Keluarga lain yang mengungsi memang memilih tinggal menumpang di rumah saudara atau sahabatnya di kota-kota lain. Jam malam militer juga dicabut untuk memudahkan akses warga sipil ini meninggalkan wilayah tersebut. Diperkirakan ribuan orang masih akan mengungsi dalam beberapa hari ke depan.
Muhammad Niaz, seorang warga dari Kota Mir Ali di Waziristan Utara, mengatakan bahwa empat hari terakhir dirinya dan keluarga telah terkurung di dalam rumah karena jam malam tersebut. Pasar lokal juga tutup, persediaan makanan habis, bahkan Niaz mengaku tak bisa membawa anaknya ke rumah sakit. Kehidupan masyarakat lokal seperti terputus dari dunia luar.

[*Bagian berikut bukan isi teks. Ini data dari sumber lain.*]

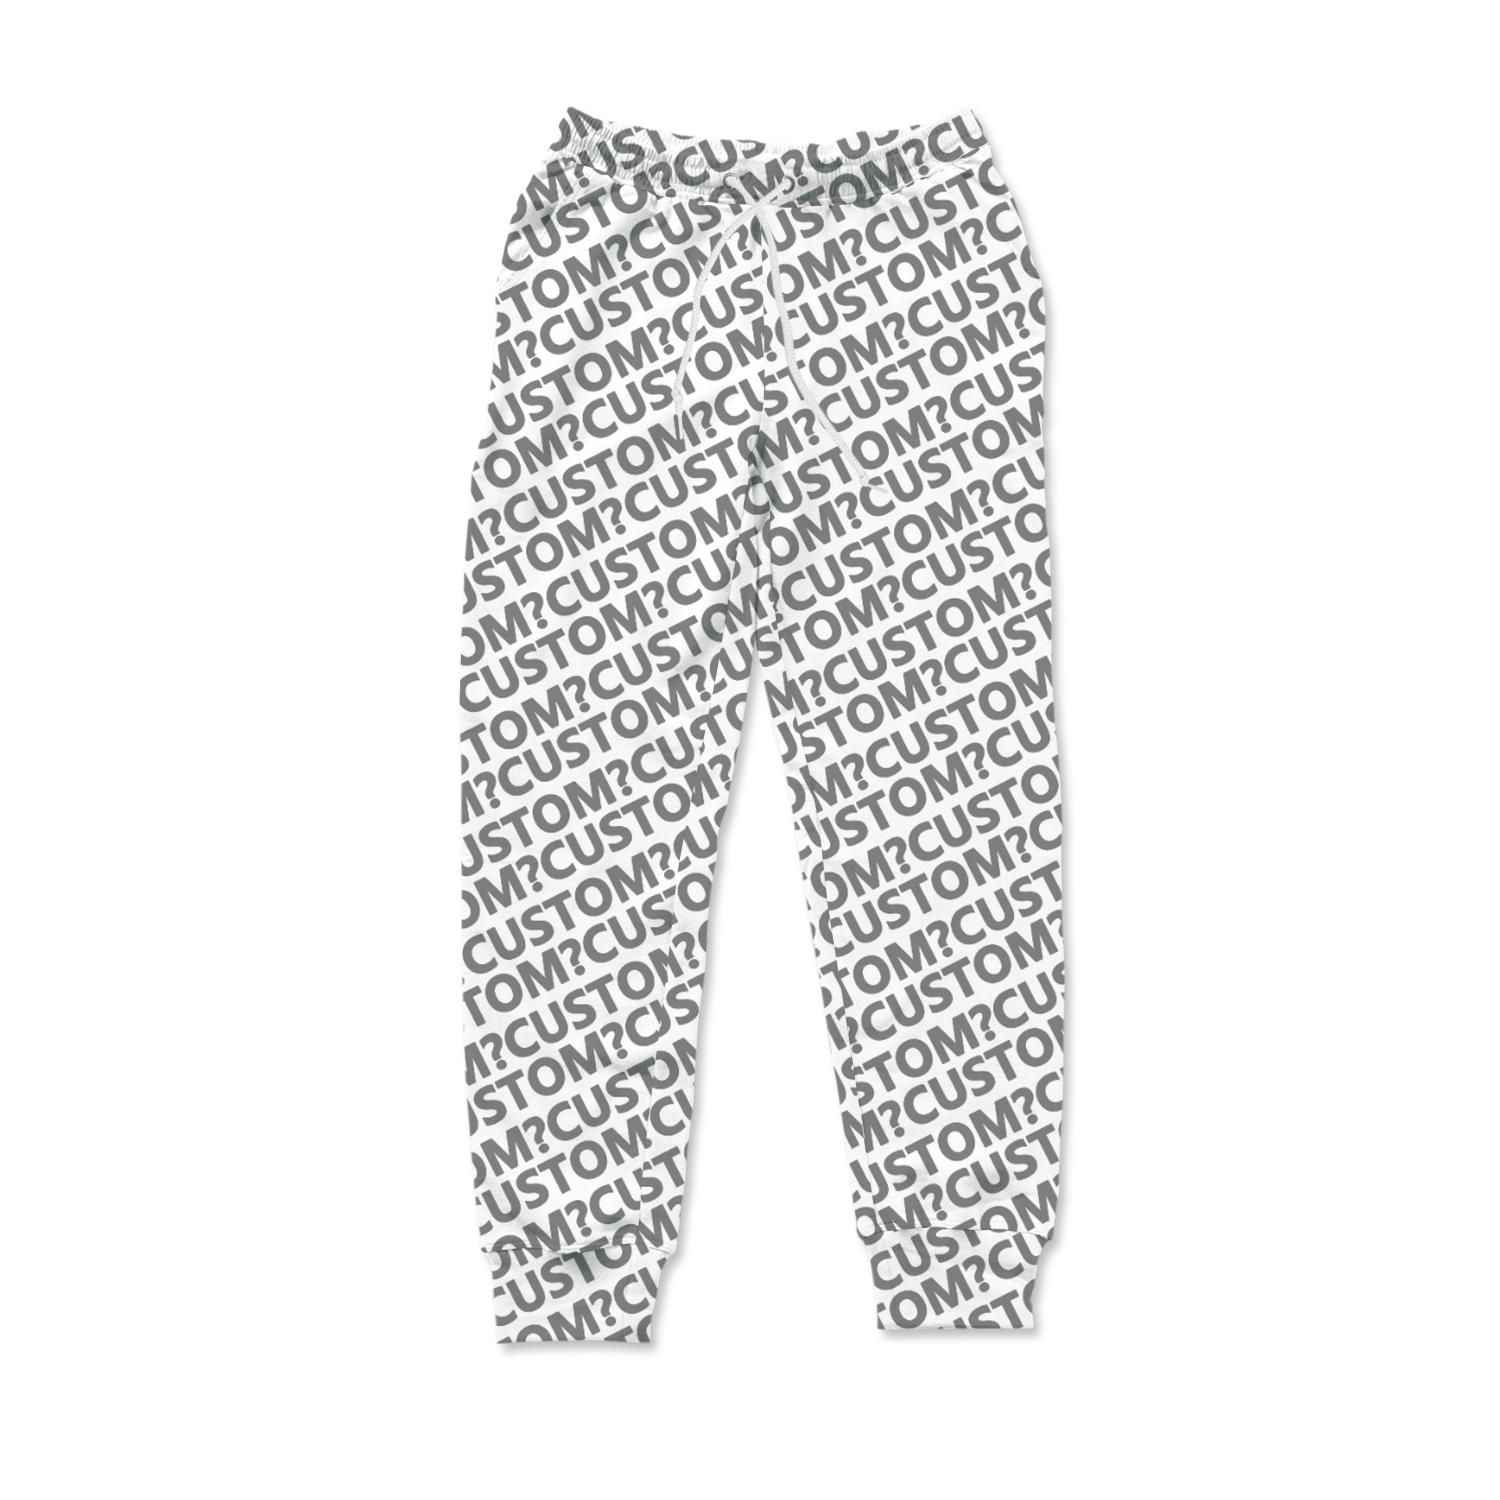 Handmade LV sweatpants!! This is a customized order

Ijin mengungsi tersebut pertama kali diajukan oleh sekelompok masyarakat lokal pada Senin lalu (16/6). Ijin tersebut pun dikabulkan pada Kamis kemarin (19/6). Namun demikian, meski ijin telah diberikan dan jam malam pun dicabut, Pemerintah Pakistan dirasa kurang tanggap dan siap dalam mengakomodasi gelombang pengungsian ini. Banyak kamp pengungsi yang masih kekurangan kebutuhan pokok. Waziristan Utara sendiri memiliki populasi yang hampir mencapai tujuh juta orang.

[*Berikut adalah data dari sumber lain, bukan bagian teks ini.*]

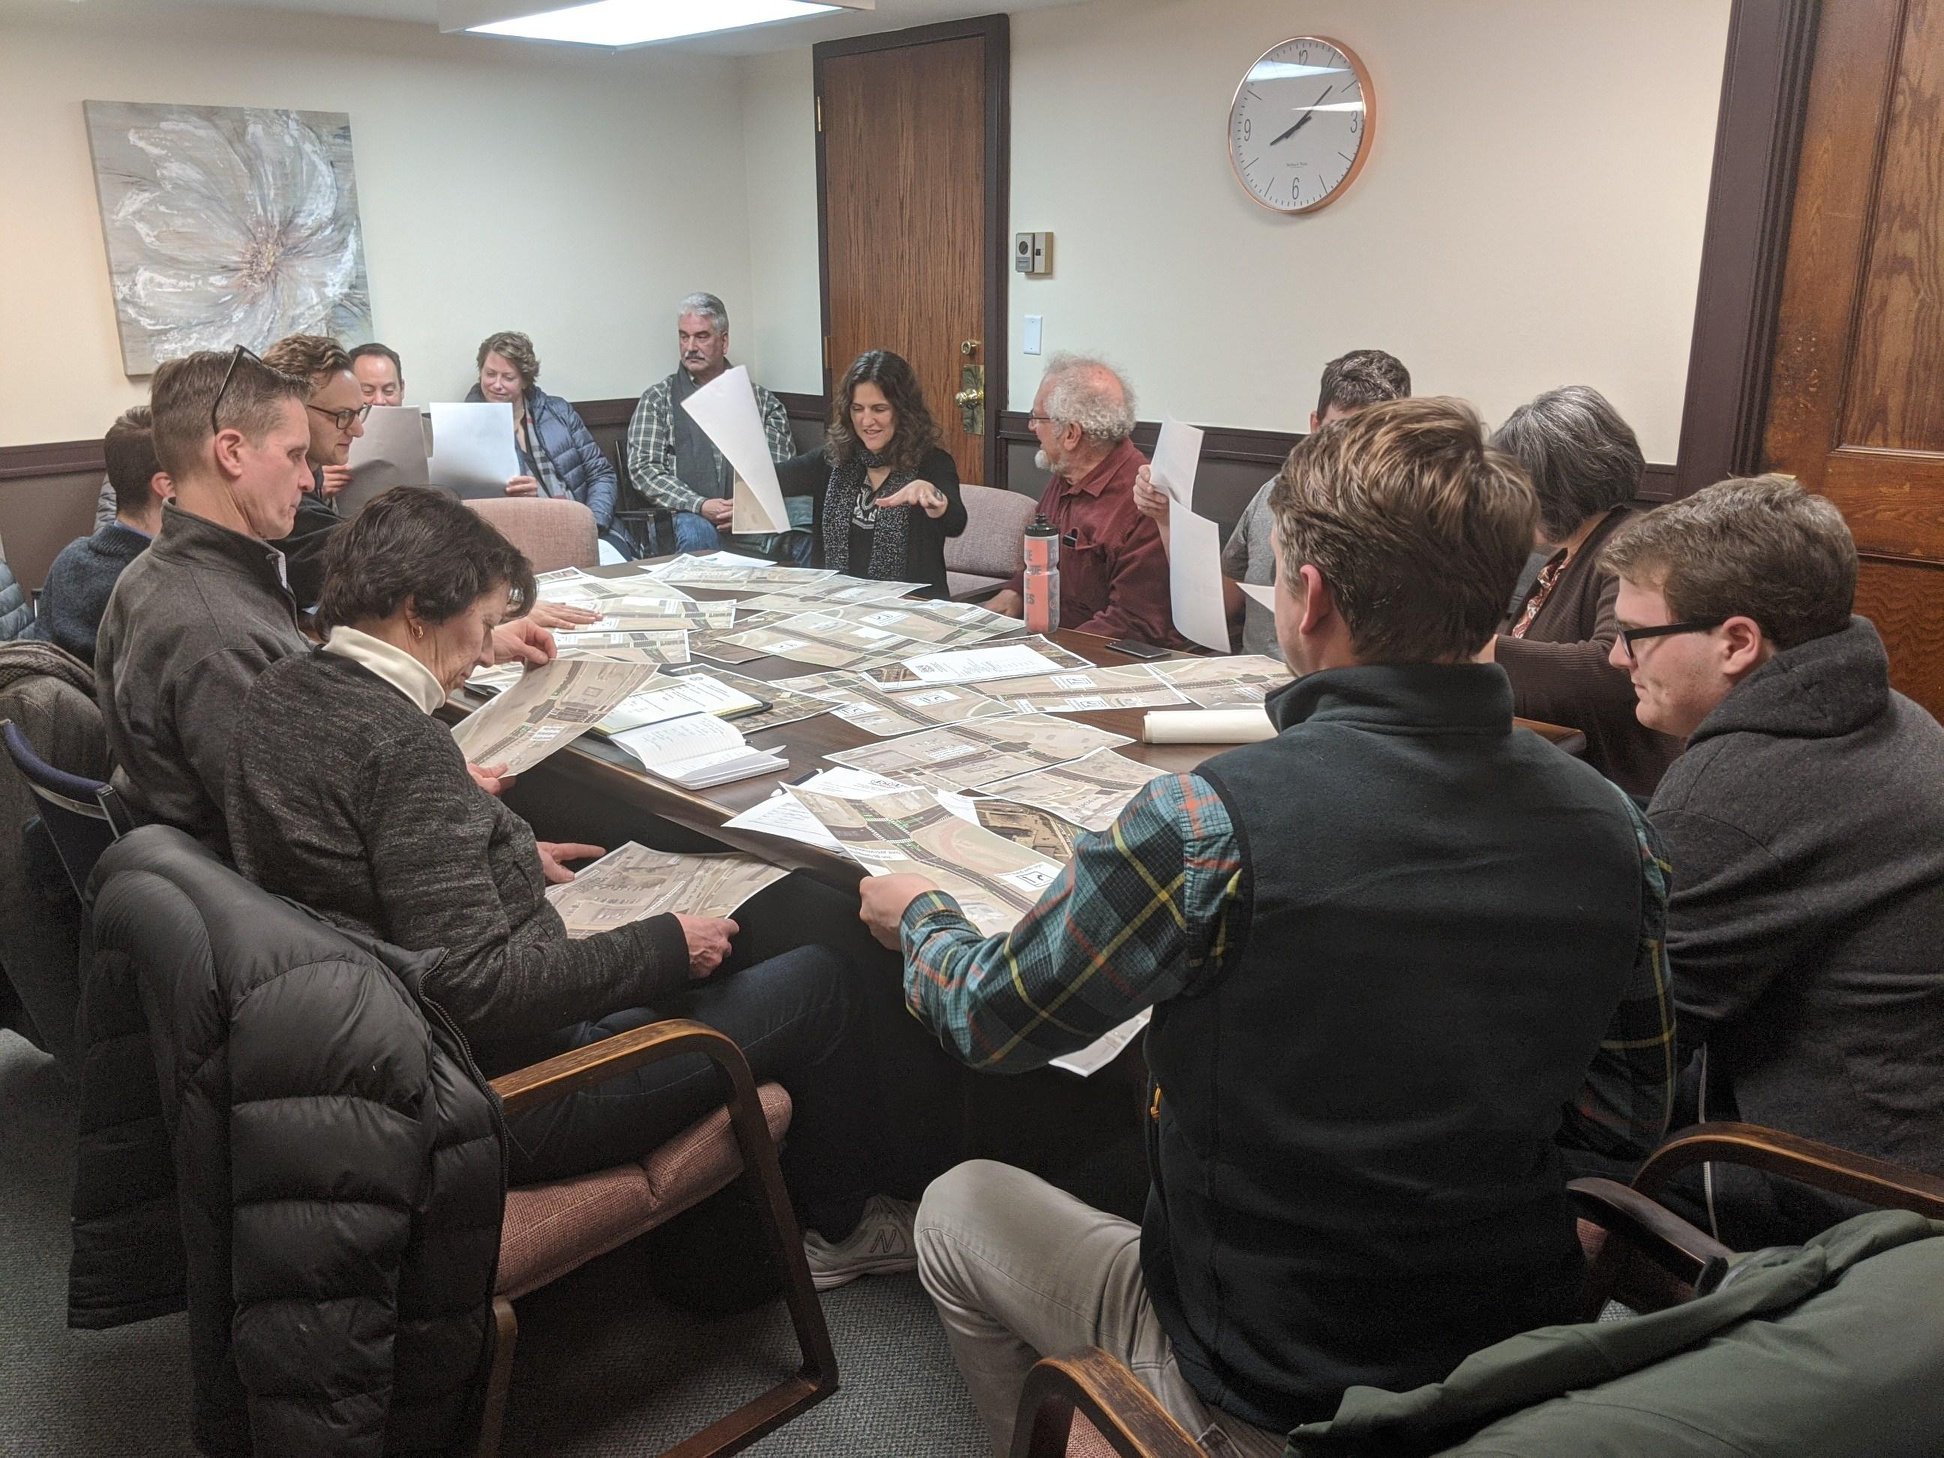 A group of members at one of our monthly meetings, discussing ideas for street layout designs.

Untuk perkembangan pertempuran, pihak militer Pakistan sendiri melaporkan bahwa setidaknya 160 orang anggota militan telah terbunuh sejak dimulainya serangan udara di wilayah Shawai dan beberapa wilayah di Waziristan Utara. Jumlah korban ini belum bisa dikonfirmasikan karena tidak ada kontributor media independen yang bertugas di lokasi. (Galang Kenzie Ramadhan – www.harianindo.com)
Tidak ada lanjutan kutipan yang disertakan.